Fun fact number 4: Testing your new setup locally *does not ensure it works remotely*. So at work today, I get in and said "let's see if this works from here". Well, it doesn't. Despite remembering to update all the workstations's default gateways, I managed to forget to change Dulcea's default gateway.

Fun fact number ... uh, "a many": Changing your default gateway remotely is scary. Trust me. I was very scared when I did that. (Yes, I did have to go in to dulcea through a "super secret back door" called "leaving both the old and new interfaces online".)

So there we have it. IRC, SSH and WWW all work now on dulcea's new interface from behind the router. Woo! I just finished disabling the old interface and since I'm obviously updating my Blog/.plan remotely, I know it's all good now, yeah baby.

Saturday, 8 May 2004

The Machines Are Everywhere

A quick summary for those who aren't up to date: For school, I'm hosting a small network of machines to be hacked for fun and learning.

"It's fun to use learning for evil"
- Lil' Sis

So anyhow, machines have been trickling in. I'm definately going to have some issues, like where the fuck do I put the two extra machines I have already, or the two (or possibly three) more that I have yet to bring home?

And where am I going to plug them all in? I've been fairly blase about our current setup which has three computers plus peripherals and networking devices hooked up to three power strips chained from a single outlet (or is it four power strips?). Building up a full network does make me a little antsy...

All in all, this place is going to get fucking noisy while the machines are on and if ever you look to Mount Pleasant and see smoke, just direct the fire department to my house, if you would be so kind.

Sunday, 2 May 2004

You've Got Viruses!

So this morning, I had a little fun. Excessory had said that there's no way Shaw (my ISP) would hand out multiple ip addresses though I know I've been able to get at least two, possibly three, last time I tried.

Today, I said "Let's see" and hubbed everyone to the cable modem. So dulcea of course kept her ip address, then there was michael, pyhrrus, my sister's unamed iBook, and chevette. They all happily pulled ip addresses from my provider. And I know they all had connectivity because within a couple minutes of coming out from behind the NAT, chevette got hit by W32.Blaster.

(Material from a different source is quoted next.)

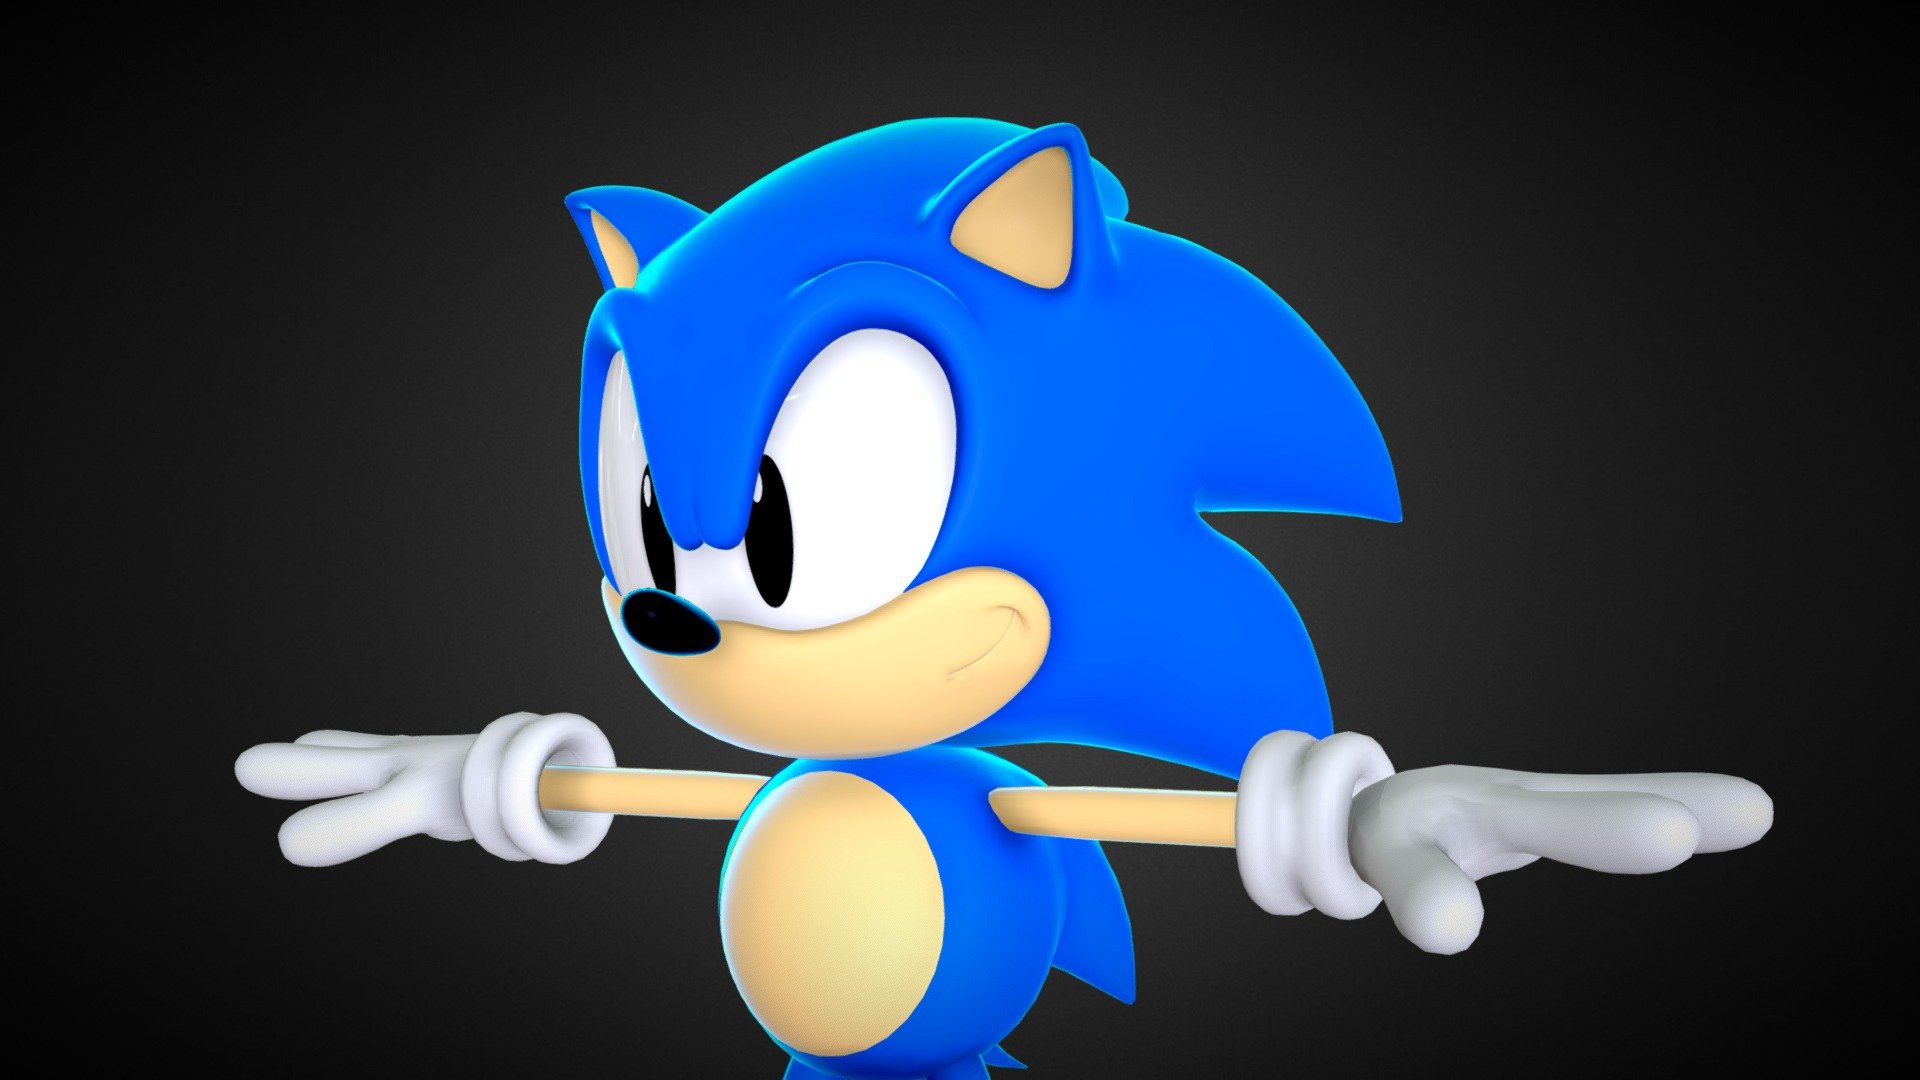 Marza Classic Sonic Model [Sonic Origins] [Mods]

Booya! Now there's a poorly maintained machine. She doesn't even have the June 2003 patch that corrects the fault that Blaster uses. That was pretty fun.

Back behind the NAT she went, patch, reboot, patch, reboot, scan for viruses (no luck, didn't actually get infected), back out from NAT, reboot, all done. Fuck, windows is great.

So yeah, its fun. Now I get to do a lot of reading, and hopefully get around to a bunch of reconnaisance.

Saturday, 24 April 2004

Dear, What's Your Disability?

"How should I know? I'm retarded. Guh-ee!"

South Park season 8 is slowly trickling on to Dante's machine... Man those are some fucked up kids. Like really messeg up. No just like your friends, but really just insane coke junkies. And on that note, a few more movie reviews.

Animatrix

I borrowed the DVD from a friend. The Animatrix is a collection of 9 short animations (6 - 16 minutes each) put together as part of The Matrix project. Several were written and directed by the Wachowski brother and the rest were sponsored (if that's the right word) by them.

Some of the films are easily identifiable as being part of The Matrix and very much about setting human characters against machines.

Being short films, it is a bit difficult to place them with the huge epic setting of The Matrix. Each instead extends a specific aspect. In a couple, we see characters who are unable to become freed from the matrix, in one, we see a modern haunted house...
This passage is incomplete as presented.